---------- SUPPLIED DATA
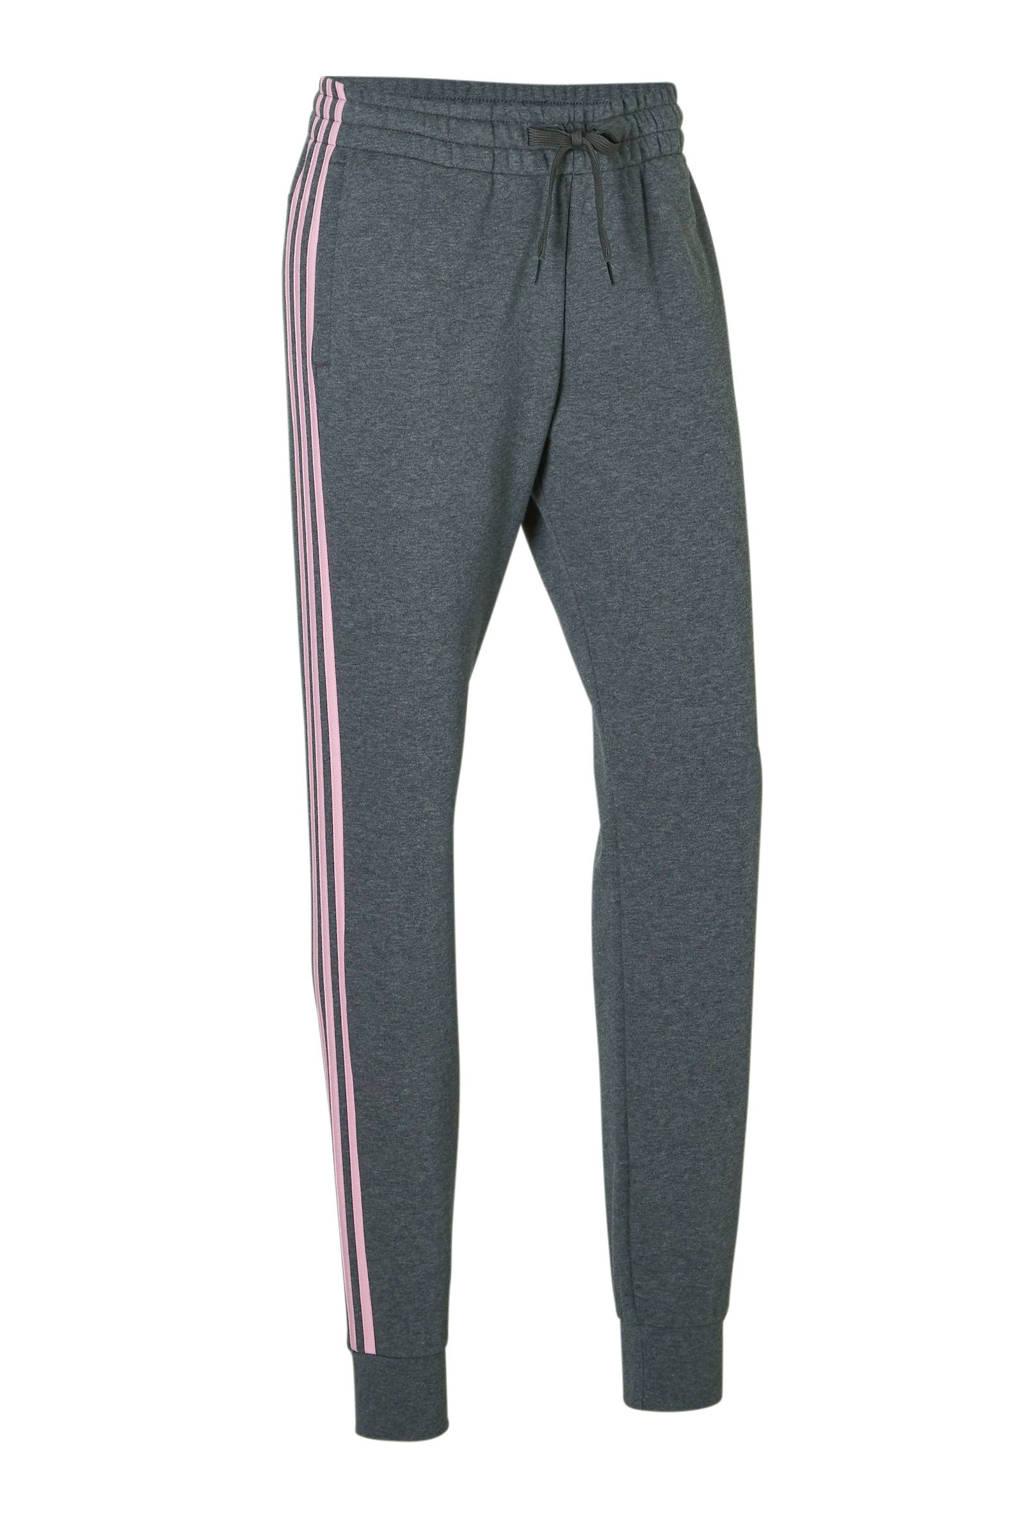 adidas performance joggingbroek grijs, Grijs/roze
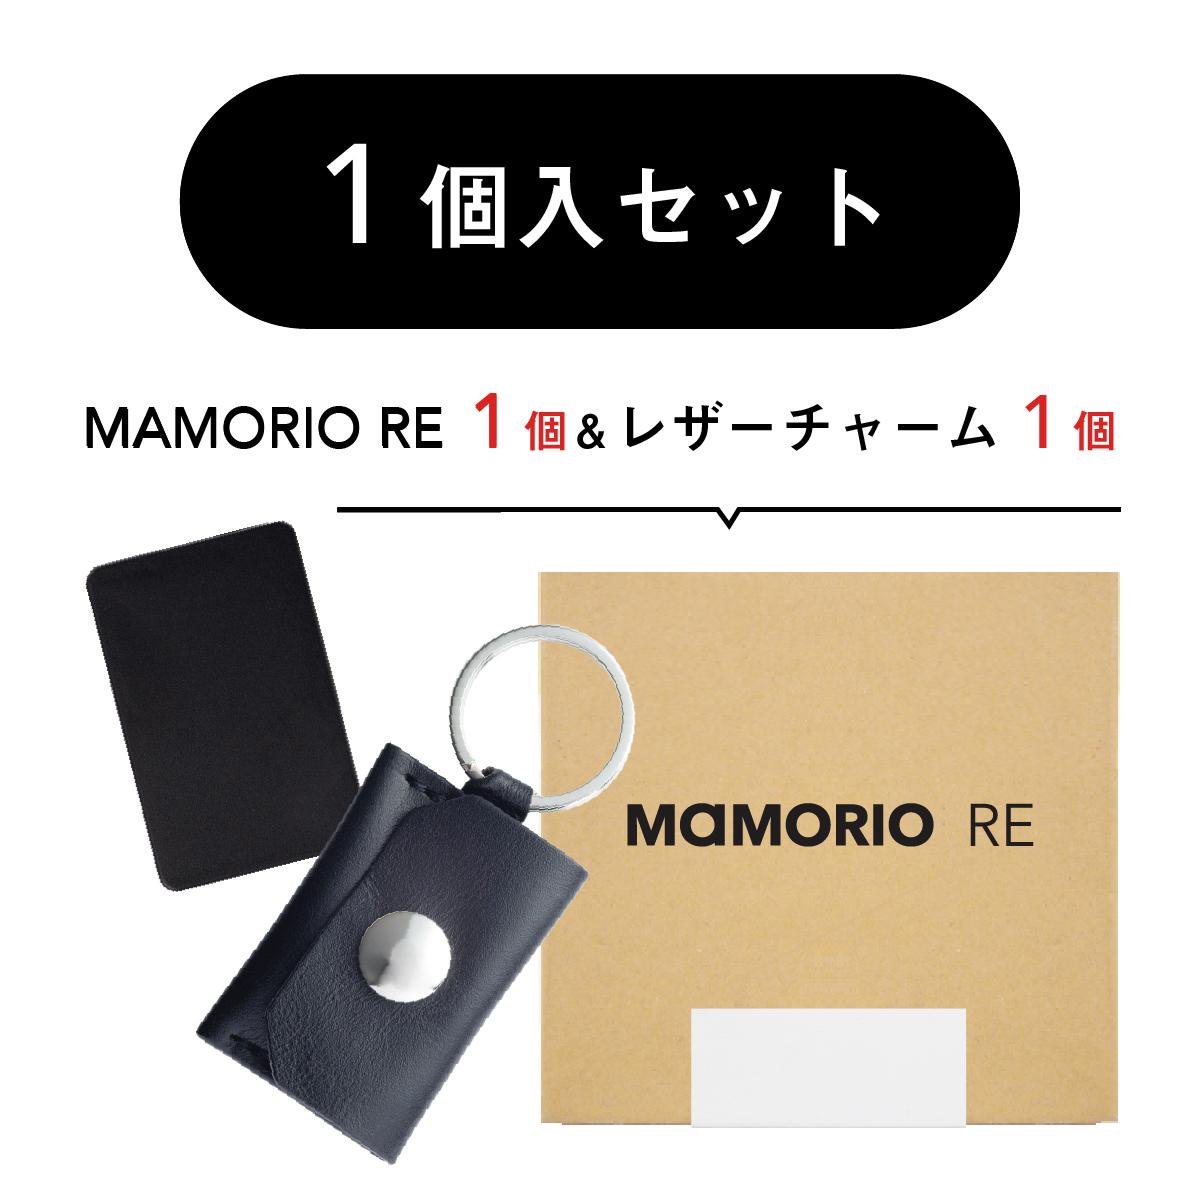 RE1個入 レザーチャーム1個セット 紛失防止タグ 落し物防止 忘れ物防止 全国どこでも送料無料 タグ グッズ 贈物 子供 鍵 スマホ連携 Bluetooth ストラップ アプリ無料 送料無料 キーホルダー ケース 財布 袋
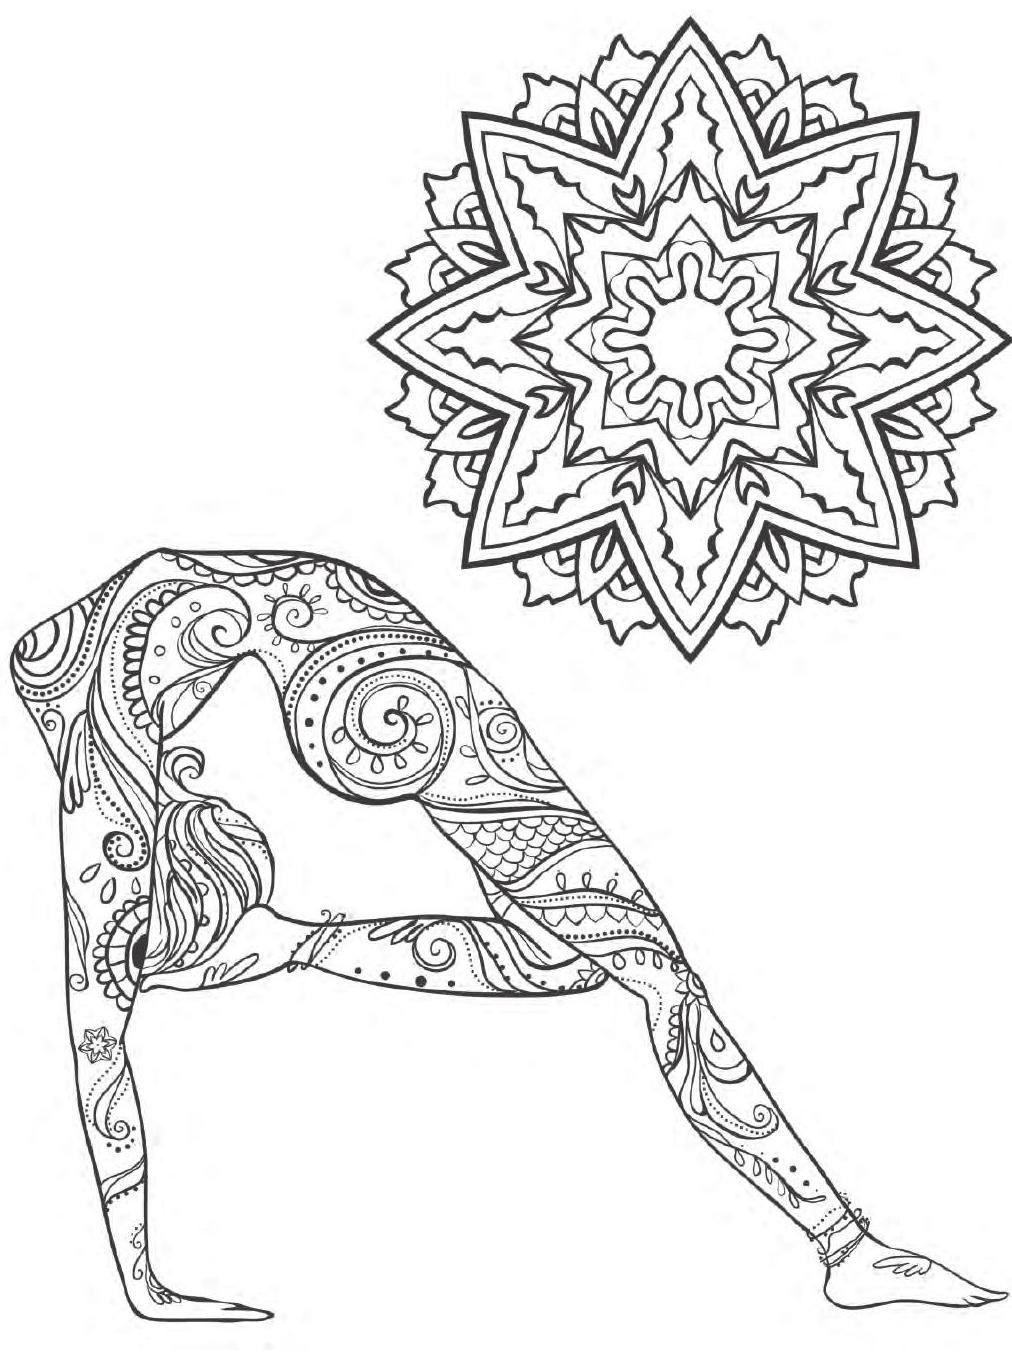 Yoga And Meditation Coloring Book For Adults With Yoga Poses And Mandalas Mandalas Para Colorir Colorir Poses De Ioga
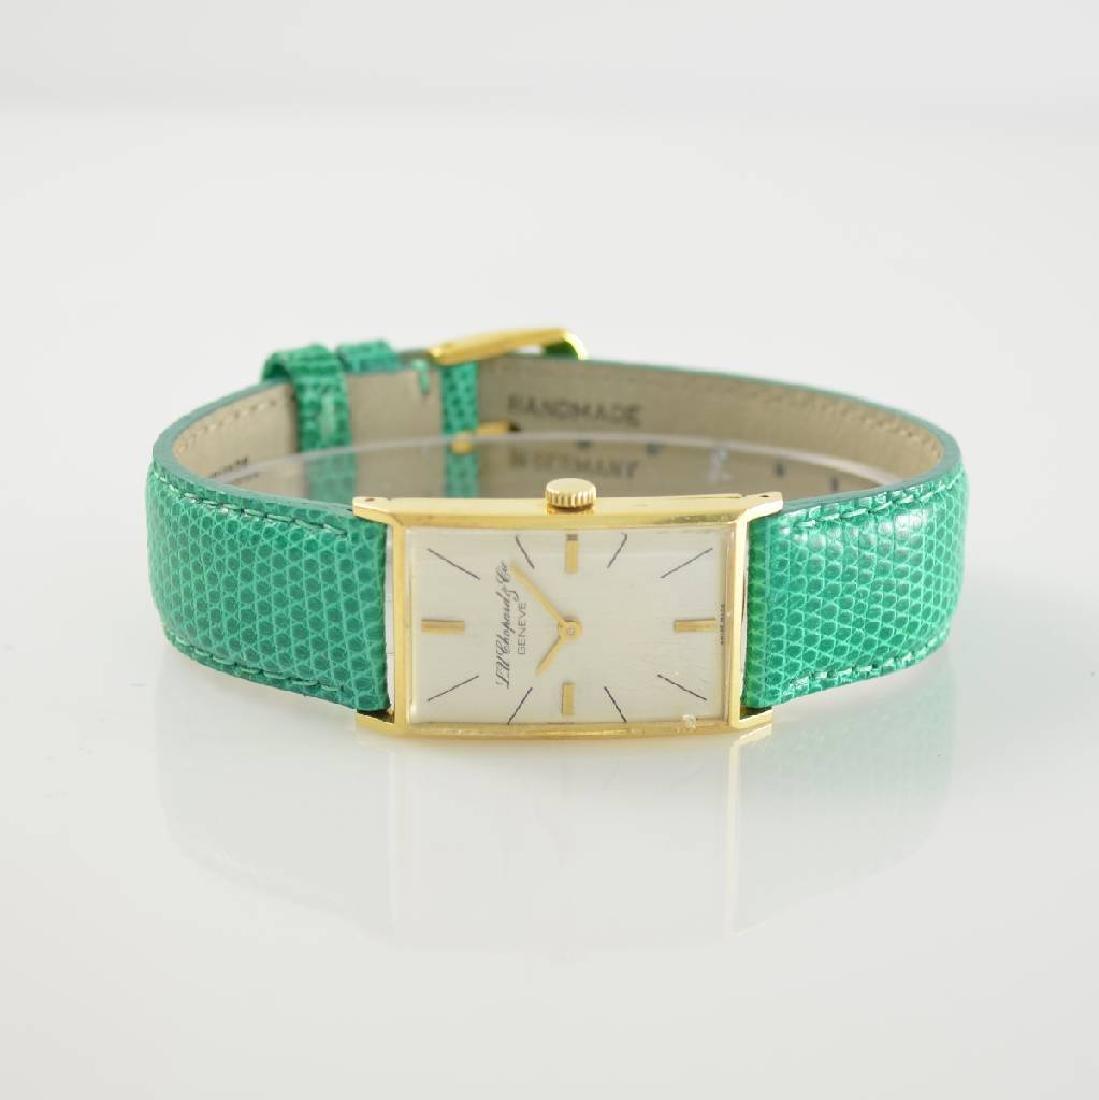 CHOPARD wristwatch in 18k yellow gold
--------------------
PROMPT = Return all the data exactly, pictures omitted.

ANSWER TO THIS PROBLEM =
 adidas performance joggingbroek grijs, Grijs/roze
 RE1個入 レザーチャーム1個セット 紛失防止タグ 落し物防止 忘れ物防止 全国どこでも送料無料 タグ グッズ 贈物 子供 鍵 スマホ連携 Bluetooth ストラップ アプリ無料 送料無料 キーホルダー ケース 財布 袋
 Yoga And Meditation Coloring Book For Adults With Yoga Poses And Mandalas Mandalas Para Colorir Colorir Poses De Ioga
 CHOPARD wristwatch in 18k yellow gold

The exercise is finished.